By the suitable choice of bag volume or soil liner volume highly vigorous potentially large plants such as invasive shrubs and trees can be dwarfed to the size appropriate to the space available.

To halve the growth rate the volume has to be decreased by a factor of ten. Plants of all kinds can be grown in the appropriate size bag above ground in the nursery and planted still in the bag into the ground.

In ground nursery stock planted in bags would be already root balled removing the need for wrenching and bagging. They are easily removed from the soil and transplanted at any time of the year without any destruction of the root system.

The results with fruit trees and grape vines is impressive in terms of growth control and fruitfulness. Apple trees grown in ten litre bags in the soil are approximately thirty percent more efficient in yield relative to their size than trees grown in large 100 litre bags or without root restriction. The smaller trees occupy only an eighth of the canopy volume of non-restricted trees. The combination of highly fruitful plants at increased planting densities can produce substantial increases in yield per hectare.

The choice of the bag size and density is an economic one which depends on cost of bags, plants, support structures and land costs. In the applicant's trials over twelve years production with apples in bags between 25 and 50 litres tend to be more self supporting than smaller volumes but still occupy considerably less space and are more fruitful than unrestricted plants. With grapes which are normally supported by trellis the weaker growing vines in 10 to 20 litres are suitable. Vineyard pruning costs and excessive fruit shading are almost completely eliminated in these smaller volumes.

The invention also offers the potential to control growth and fruitfulness in other species where no satisfactory dwarfing rootstock exists at present.

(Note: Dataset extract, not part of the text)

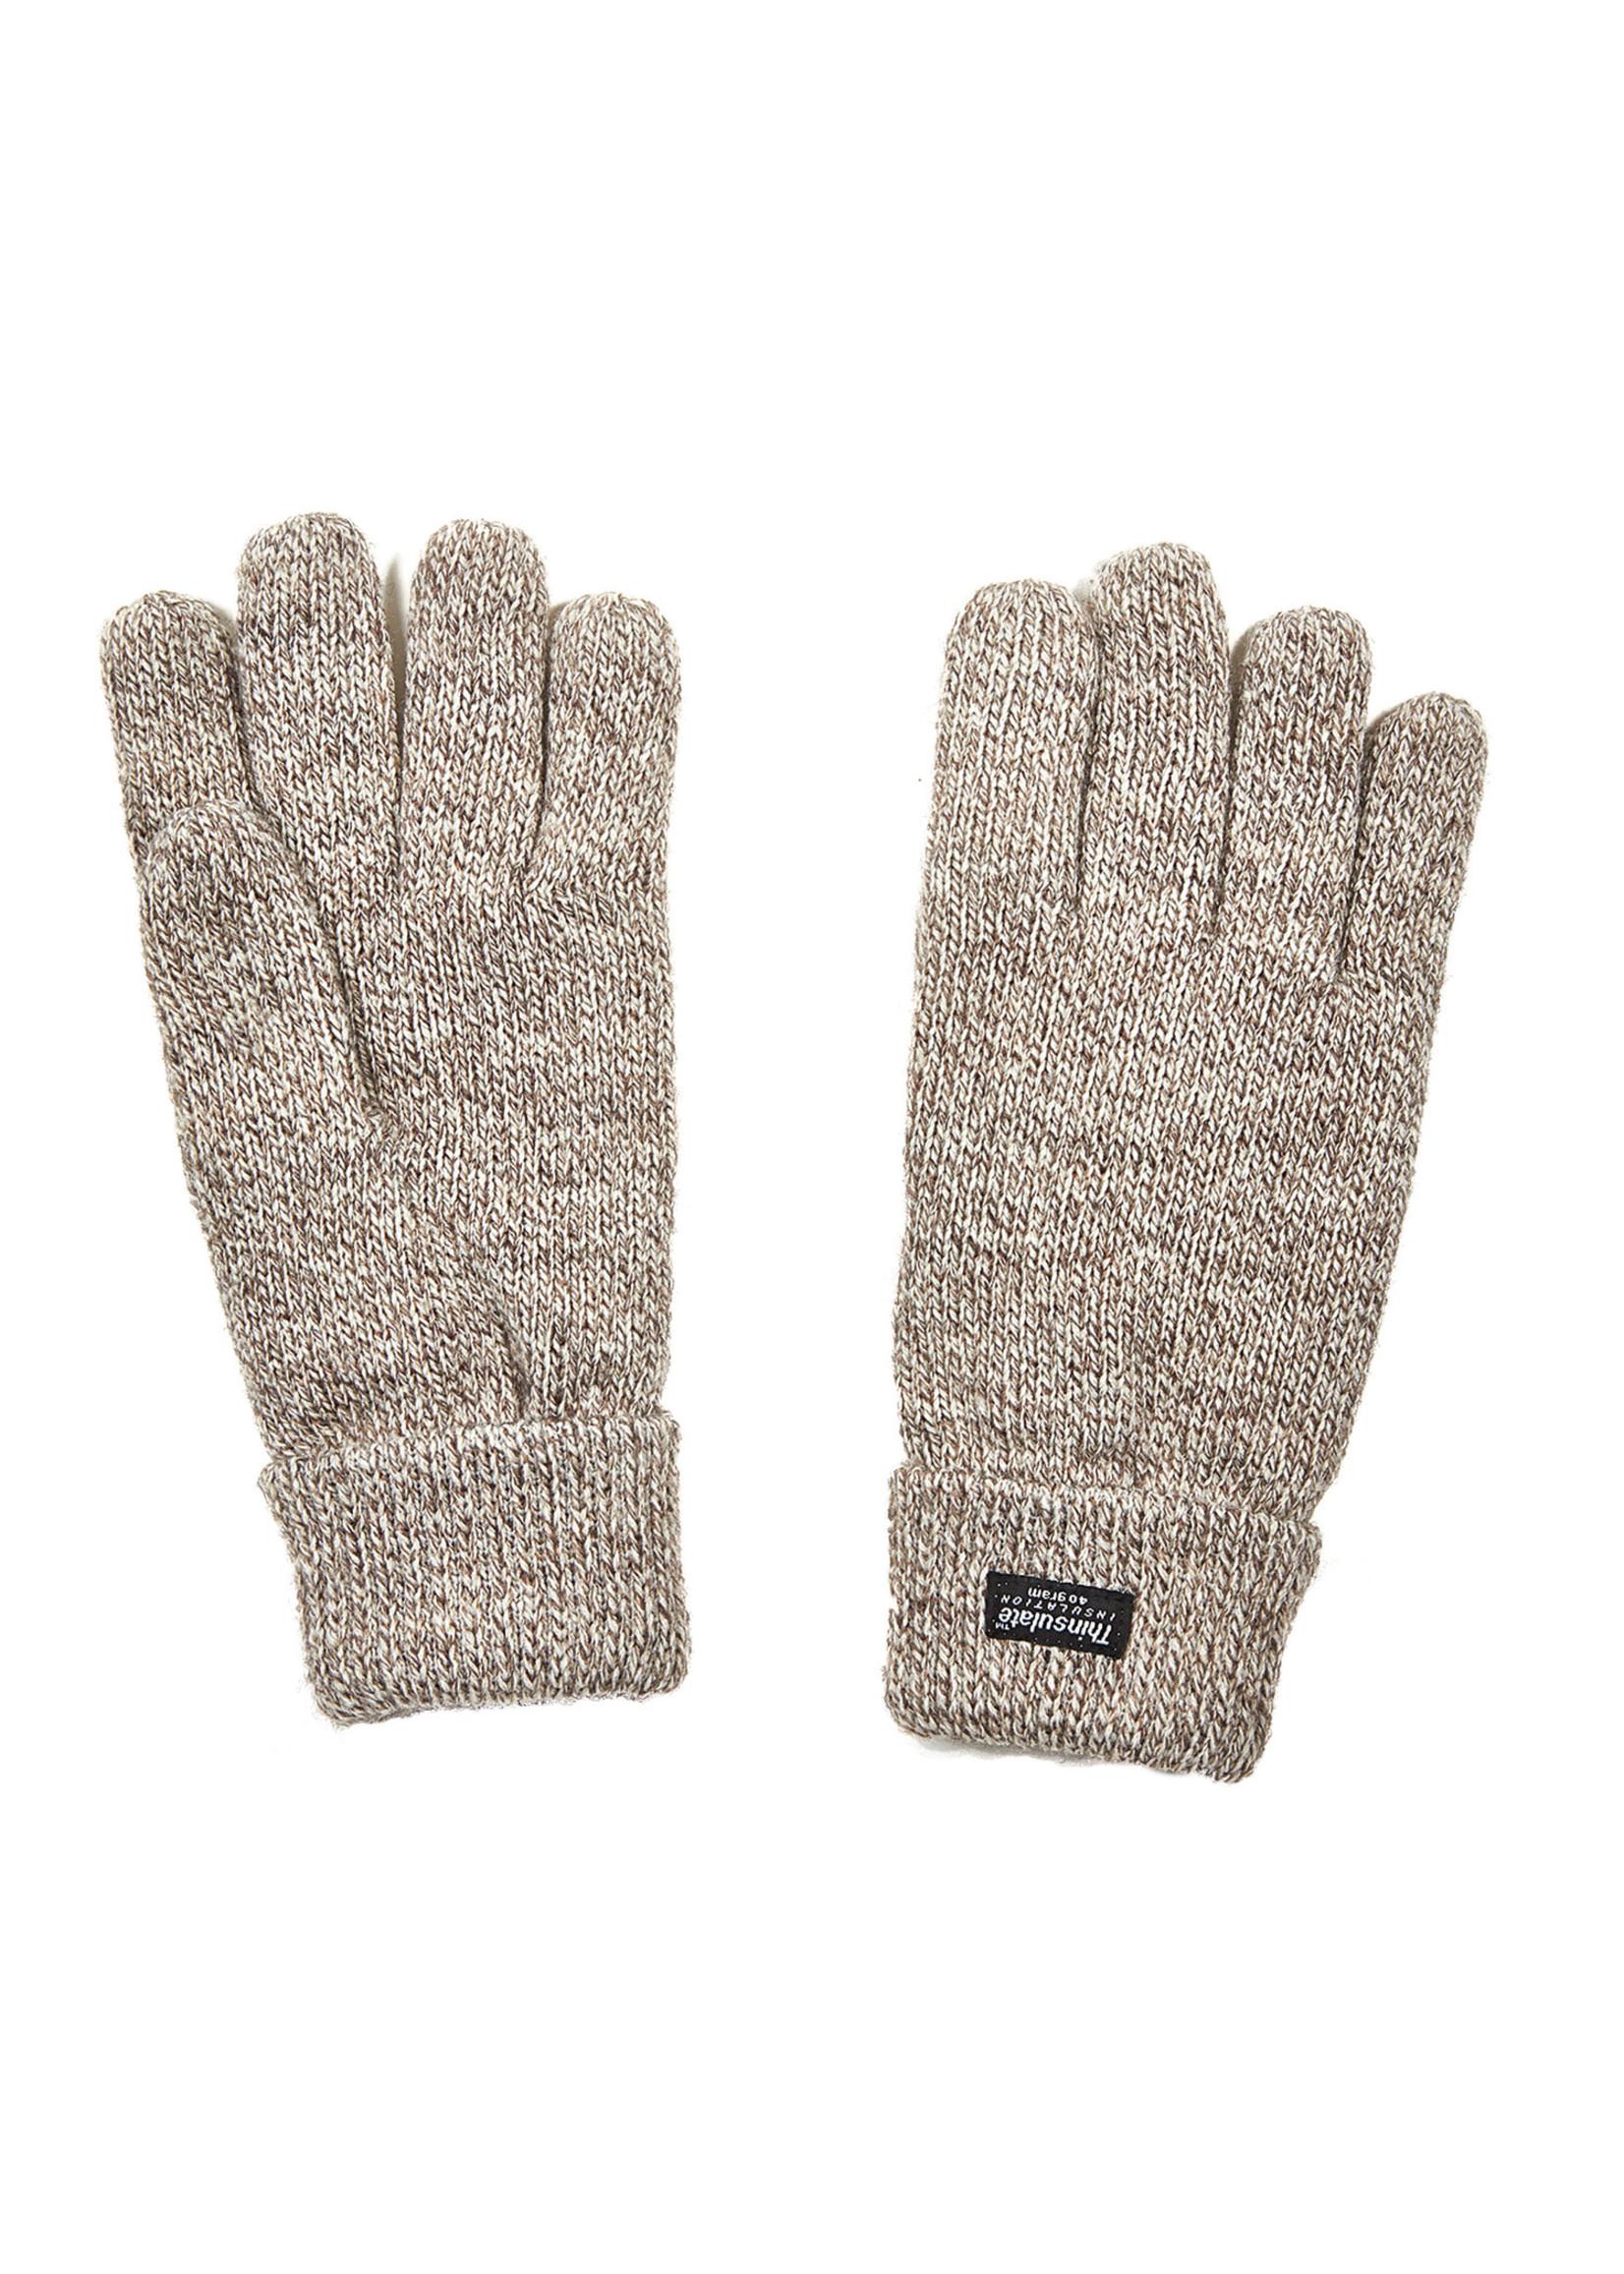 Stetson Marquette Thinsulate Winter Gloves

Finally the increase in the efficiency of fruit production per unit of water and nitrogen used with root restriction could have major advantages where water and nitrogen availability are the limiting factors in production.

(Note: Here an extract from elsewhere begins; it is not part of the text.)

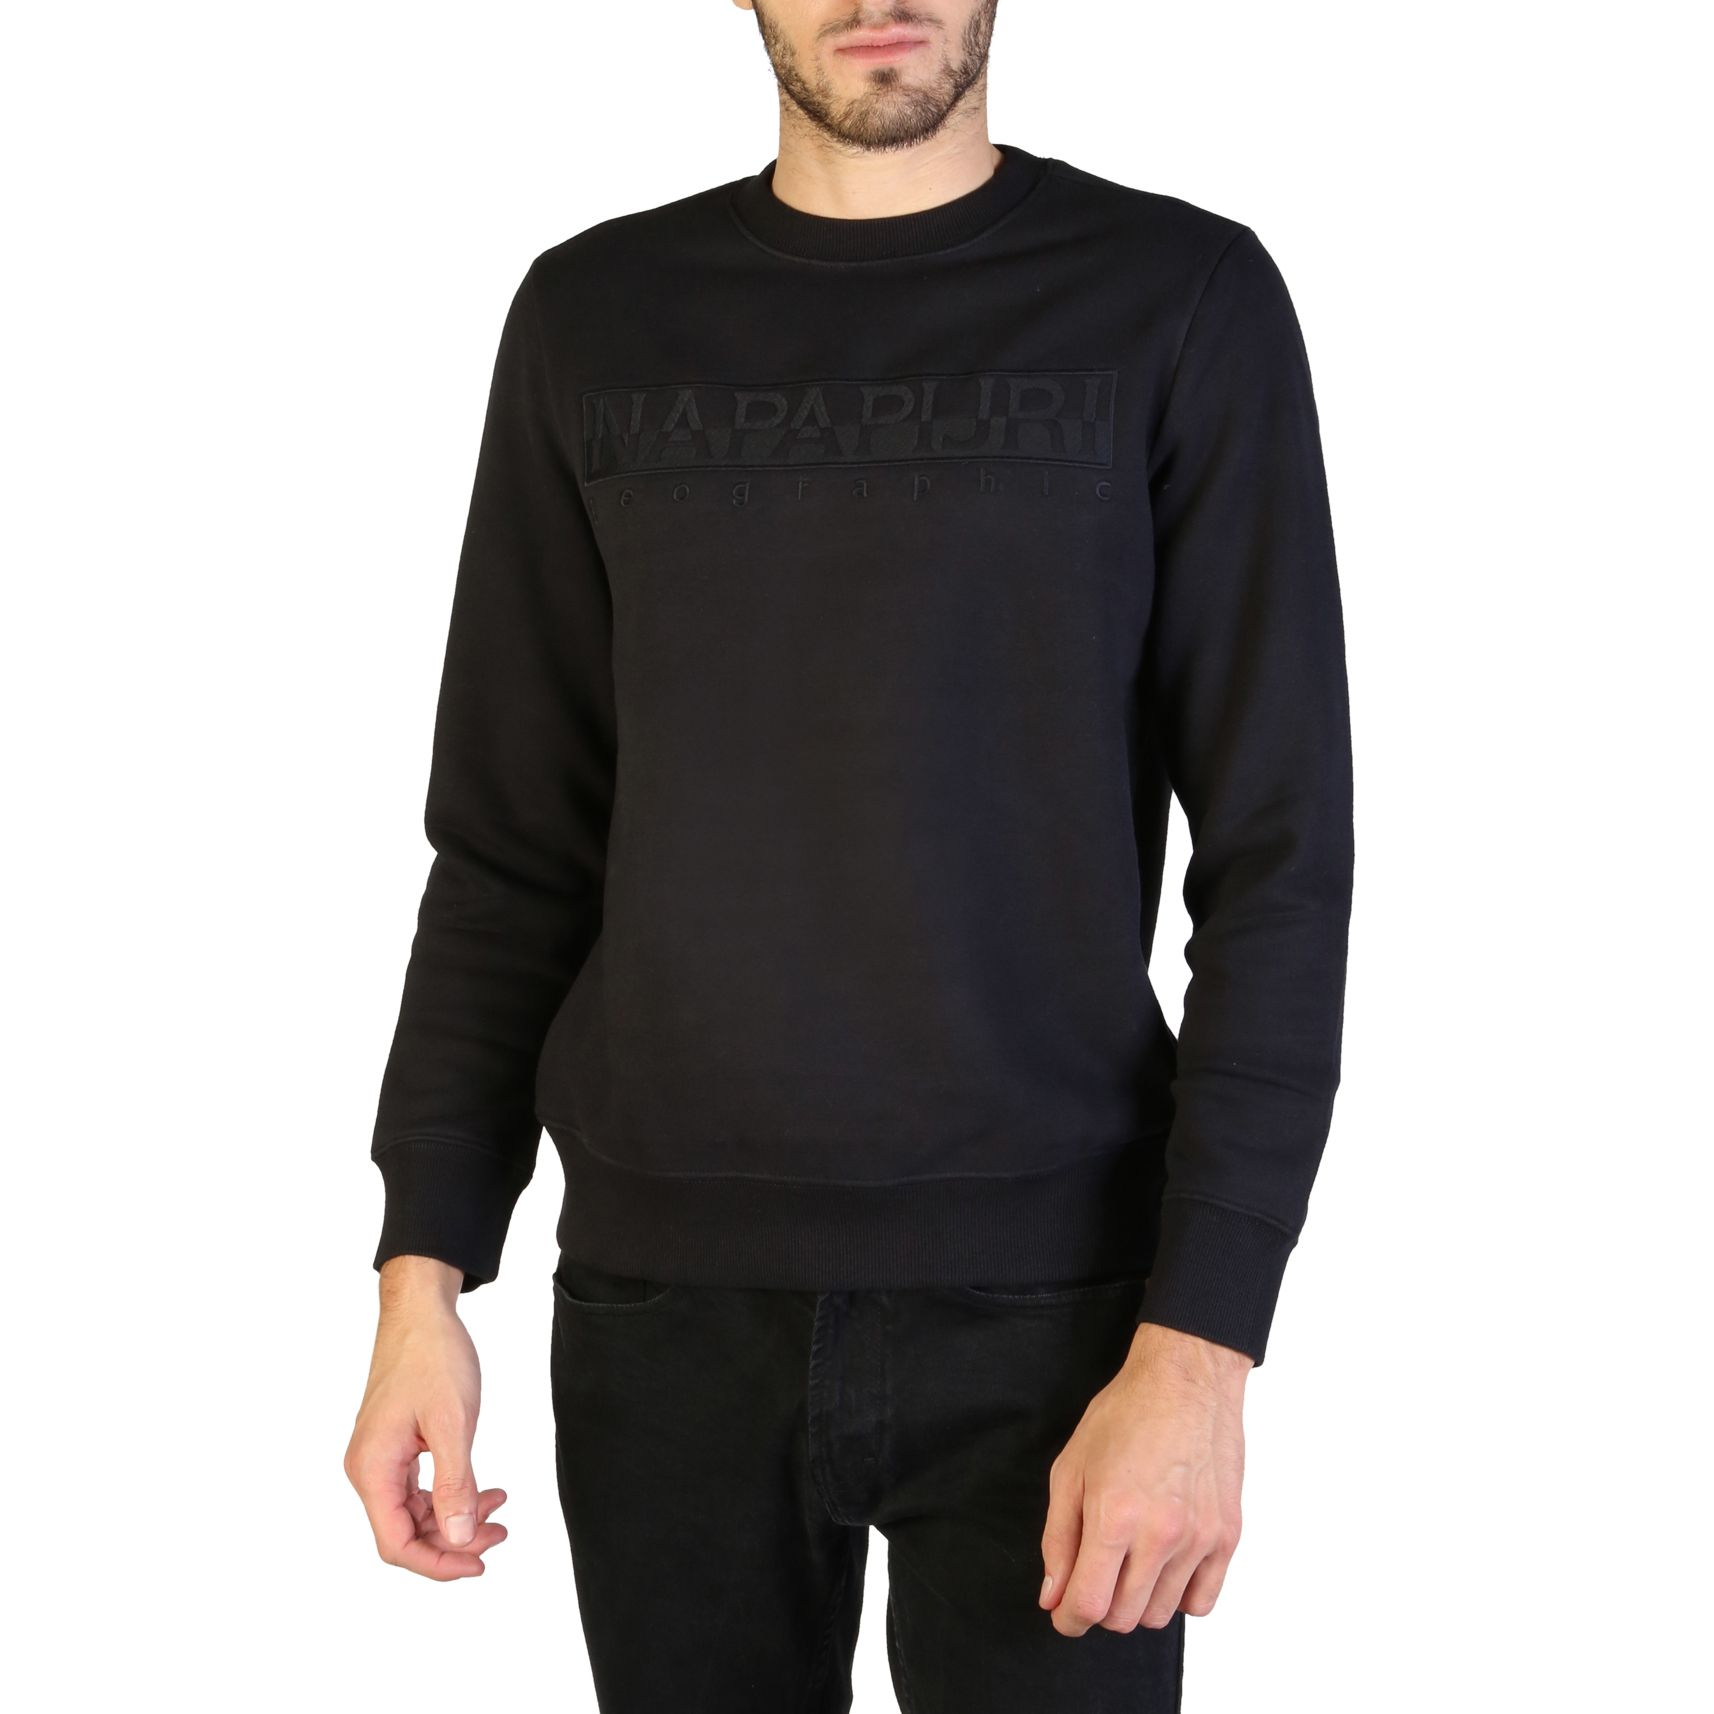 Napapijri Mens Sweatshirts

The invention has the potential to cheaply reduce the destructive effects of root growth on underground infra-structure, grow plants to fit the space available and control the growth and increase the biological efficiency of fruiting trees and vines per unit of ground area or unit of water and nutrients available.

As far as the inventor is aware no comparable product is currently under patent or available utilizing volume, hole size, hole density or as robust as the material of which the bags or soil liners as described in this application.

It is to be understood that the scope of the invention is not limited to the described embodiments and therefore that numerous variations and modifications may be made to these embodiments without departing from the scope of the invention as set out in this specification and claims.